Mas ele concorda em que há algumas lições importantes que W. poderia colher, incluindo a dúvida de Shakespeare sobre guerras rápidas e fáceis, e sua convicção de que aquilo que o professor chama de "visão pétala de rosa" é uma ilusão; Shakespeare descobriu uma distância imensa entre o que imaginamos e aquilo que possivelmente acontecerá de fato.

Ken Adelman, ex-professor especializado em Shakespeare e diretor de controle de armas sob Ronald Reagan, comparou W. ao Príncipe Hal (personagem da primeira parte da peça Henrique IV, de Shakespeare).

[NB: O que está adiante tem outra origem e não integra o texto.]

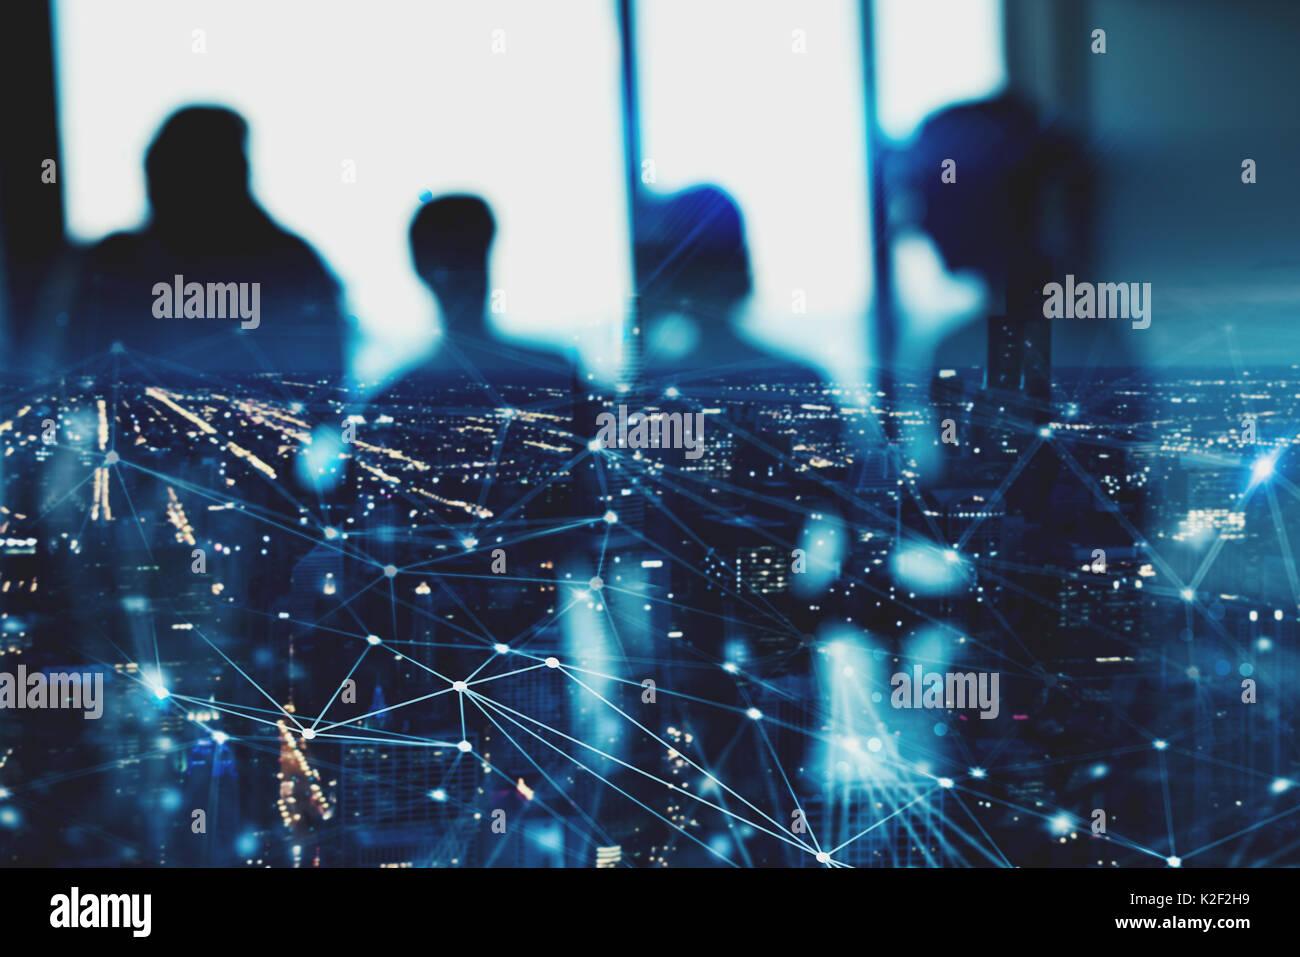 Unscharfe Silhouette der Unternehmer im Büro mit Netzwerk Wirkung. Konzept der Partnerschaft und Zusammenarbeit. Stockbild

Mas o consultor republicano, que ministra um seminário de administração com sua esposa, Carol, sobre Shakespeare, concorda em que o isolamento de W. o impede de ter a força de liderança de Henrique V, que se misturava com a população comum nas tavernas e com os soldados no campo de batalha.

Às vezes, o presidente Bush do segundo mandato parece mais o adversário de Henrique, o Delfim da França, que não tem o menor senso de realidade da batalha ou de suas tropas, não compreende a situação e trata Henrique com imerecido desprezo.

O Bush perpetuamente preto e branco poderia aprender com as nuances de cinza fascinantes do dramaturgo. "Em Shakespeare", diz Marjorie Garber, professora de Harvard e autora de Shakespeare After All, " nada está jamais terminado. Nunca se fecha a porta para nada. Nunca há uma 'Missão Encerrada'."